To build the line that describes the distribution of points, we might refer to different principles. The most common is the least squares method (or Model I), and this is the method used by the statistical software R.

Suppose you want to obtain a linear relationship between weight (kg) and height (cm) of 10 subjects.
Height: 175, 168, 170, 171, 169, 165, 165, 160, 180, 186
Weight: 80, 68, 72, 75, 70, 65, 62, 60, 85, 90


The first problem is to decide what is the dependent variable Y and waht is the independent variable X. In general, the independent variable is not affected by an error during the measurement (or affected by random error), while the dependent variable is affected by error. In our case we can assume that the variable weight is the independent variable (X), and the dependent variable height (Y).
So our problem is to find a linear relationship (formula) that allows us to calculate the height, known as the weight of an individual. The simplest formula is that of a broad line of type Y = a + bX. The simple regression line in R is calculated as follows:


height = c(175, 168, 170, 171, 169, 165, 165, 160, 180, 186)
weight = c(80, 68, 72, 75, 70, 65, 62, 60, 85, 90)

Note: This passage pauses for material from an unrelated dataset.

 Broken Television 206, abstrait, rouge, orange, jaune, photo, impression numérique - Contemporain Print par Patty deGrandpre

model = lm(formula = height ~ weight, x=TRUE, y=TRUE)
model

Call:
lm(formula = height ~ weight, x = TRUE, y = TRUE)

Coefficients:
(Intercept) weight
115.2002 0.7662


The correct syntax of the formula stated in lm is: Y ~ X, then you declare first the dependent variable, and after the independent variable (or variables).
The output of the function is represented by two parameters a and b: a=115.2002 (intercept), b=0.7662 (the slope).

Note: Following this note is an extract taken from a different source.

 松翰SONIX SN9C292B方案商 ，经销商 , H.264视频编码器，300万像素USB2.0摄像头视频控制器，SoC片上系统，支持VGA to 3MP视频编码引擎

The simple calculation of the line is not enough. We must assess the significance of the line, ie if the slopeb differs from zero significantly. This may be done with a Student's t.test or with a Fisher's F-test.
In R both can be retrieved very quickly, with the function summary(). Here's how:


model <- lm(height ~ weight)
summary(model)

Call:
lm(formula = height ~ weight)

Residuals:
Min 1Q Median 3Q Max
-1.6622 -0.9683 -0.1622 0.5679 2.2979

Coefficients:
Estimate Std. Error t value Pr(>|t|)
(Intercept) 115.20021 3.48450 33.06 7.64e-10 ***
weight 0.76616 0.04754 16.12 2.21e-07 ***
---
Signif. codes: 0 ‘***’ 0.001 ‘**’ 0.01 ‘*’ 0.05 ‘.’ 0.1 ‘ ’ 1

Residual standard error: 1.405 on 8 degrees of freedom
Multiple R-squared: 0.9701, Adjusted R-squared: 0.9664
F-statistic: 259.7 on 1 and 8 DF, p-value: 2.206e-07



Here too there are the values of the parameters a and b.
The Student's t-test on the slope in this case has the value 16.12; the Student's t-test on the intercept has value 16.12; the value of the Fisher's F test is 259.7 (is the same value would be achieved by performing an ANOVA on the same data: anova(model)). The p-values of the t-tests and the F-test are less then 0.05, so the model we found is significant.
The Multiple R-squared is the coefficient of determination. It provides a measure of how well future outcomes are likely to be predicted by the model. In this case, the 97.01% of the data are well predicted (with 95% of significance) by our model.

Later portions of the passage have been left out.